┌─ SOURCE MATERIAL

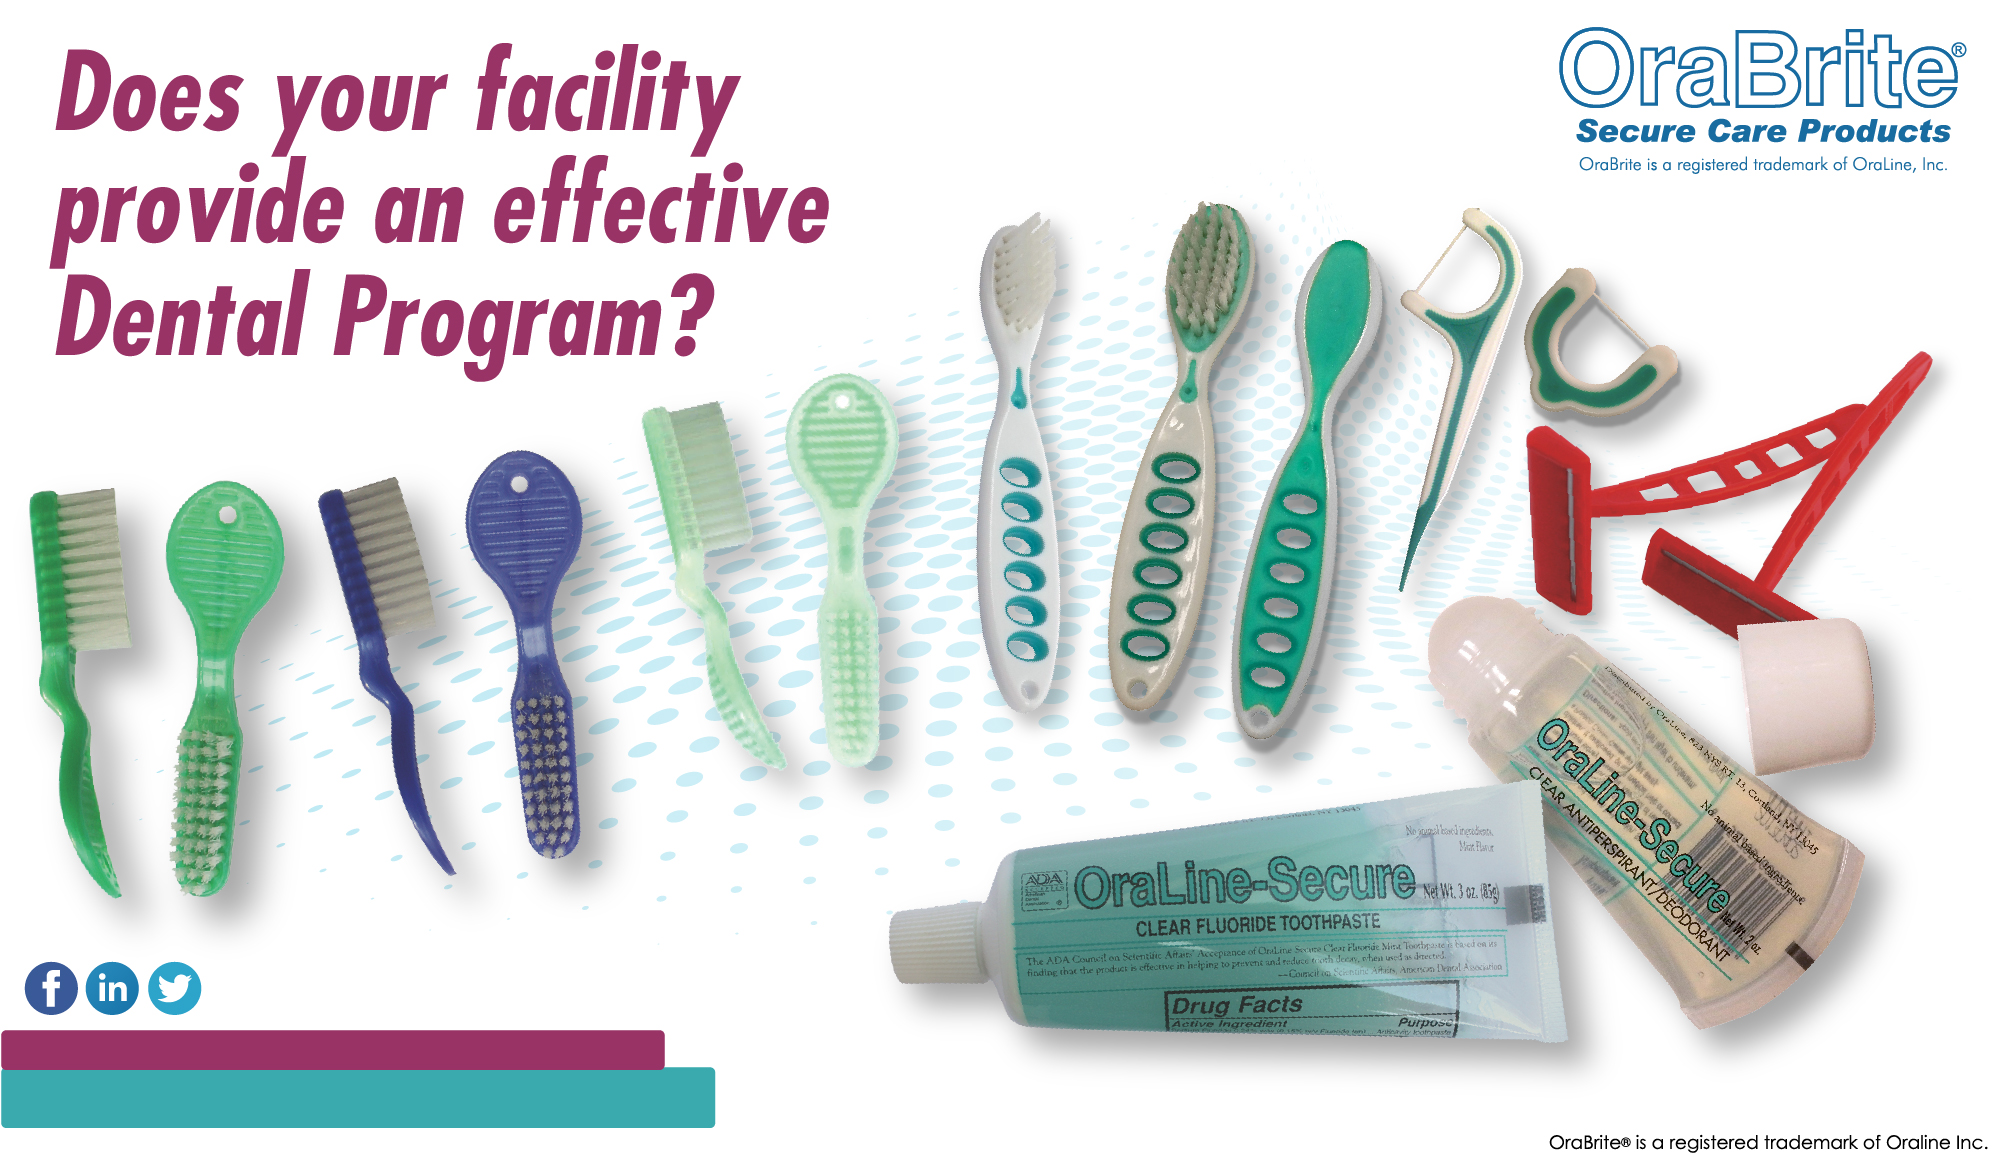 Does your facility provide an effective dental program?
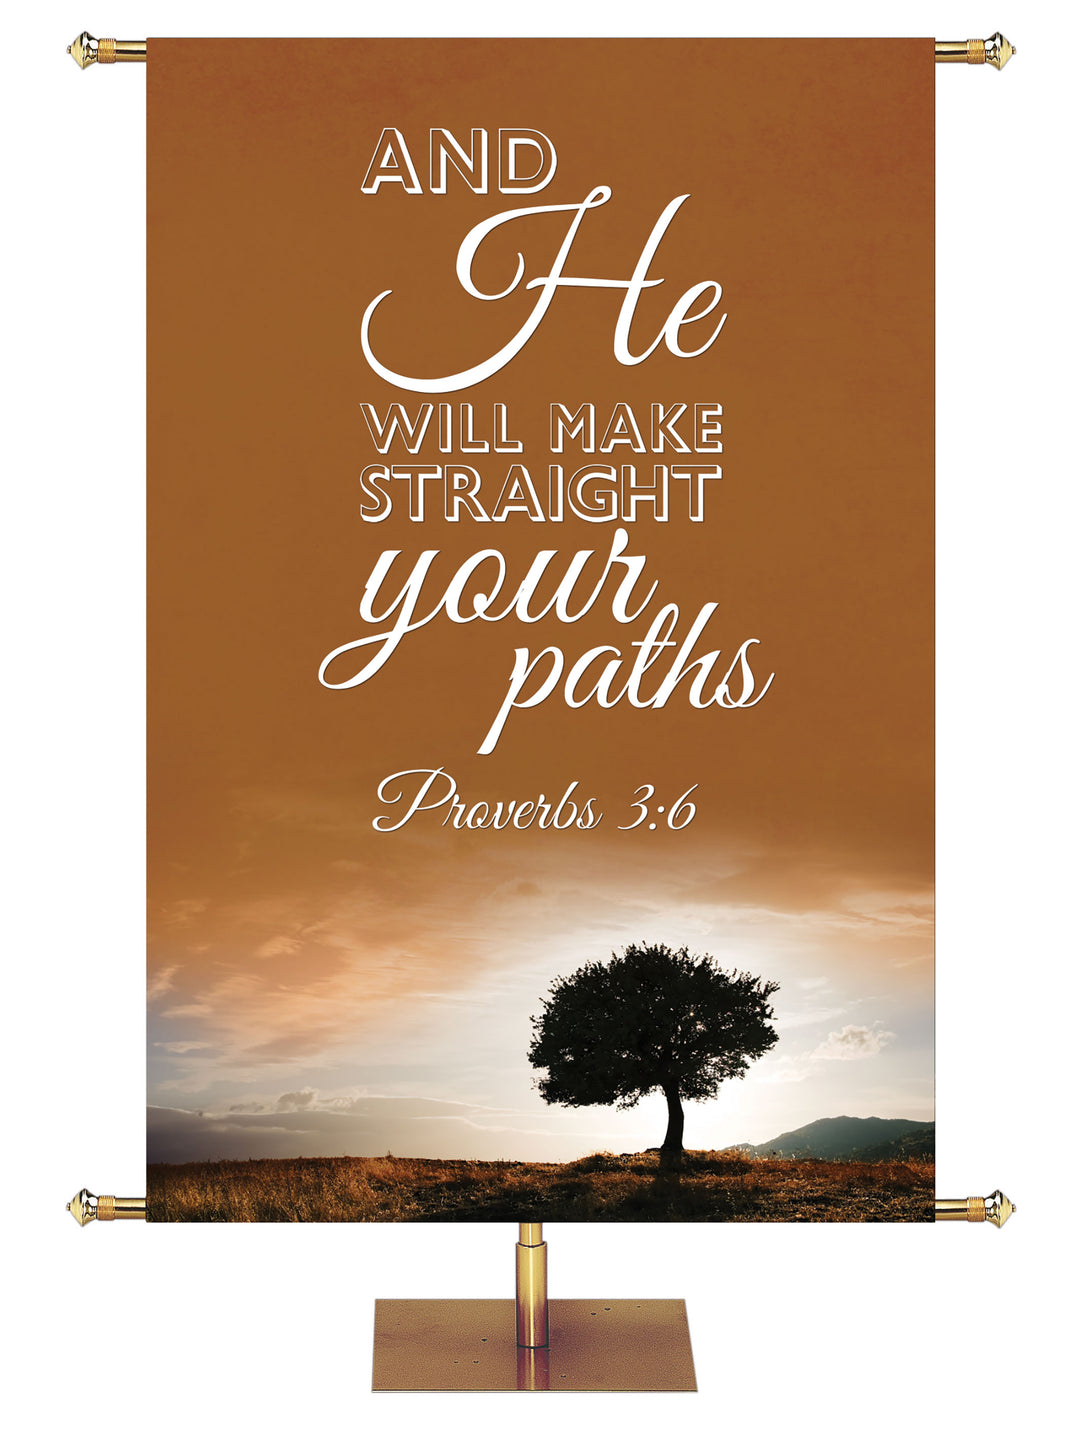 Straight Paths Banner Words of Wisdom Proverbs 3:6 in Blue, Green, Purple, Red, Sienna, Teal
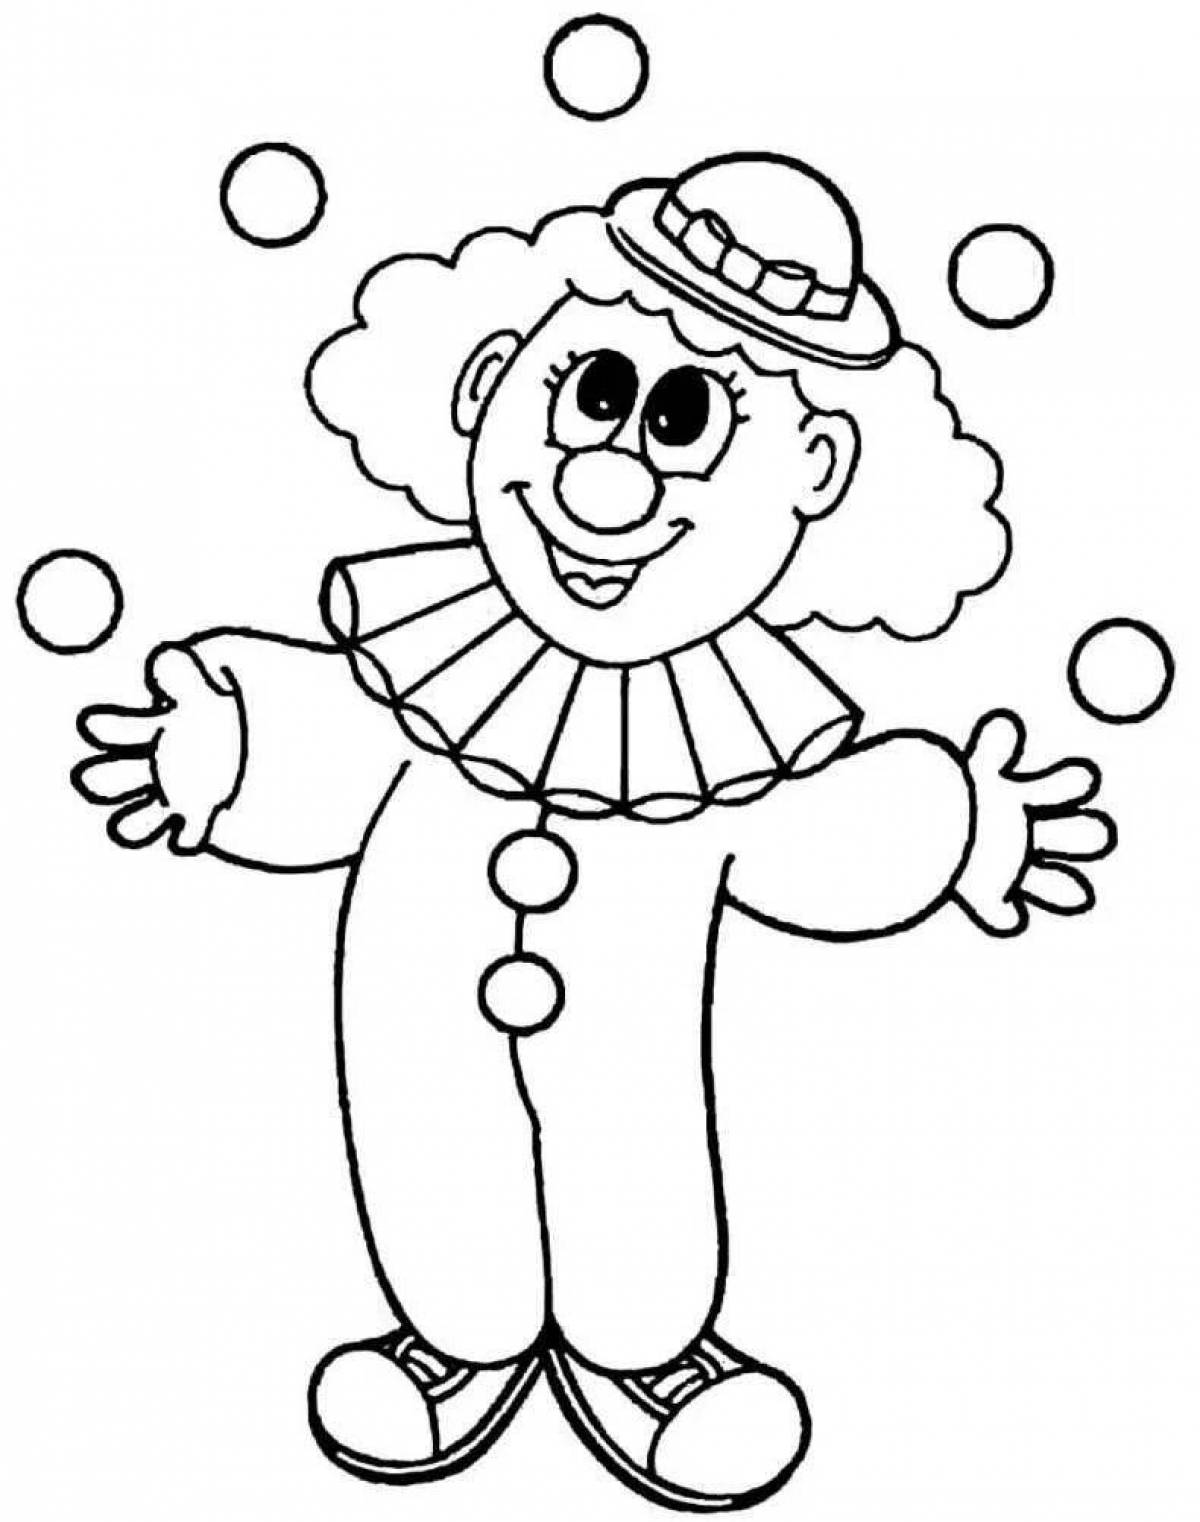 Colorful funny clown coloring book for kids

└─

* REQUIREMENT
A word-for-word copy of all the data is required, minus the pictures.

* YOUR RESPONSE
 Does your facility provide an effective dental program?
 Straight Paths Banner Words of Wisdom Proverbs 3:6 in Blue, Green, Purple, Red, Sienna, Teal
 Colorful funny clown coloring book for kids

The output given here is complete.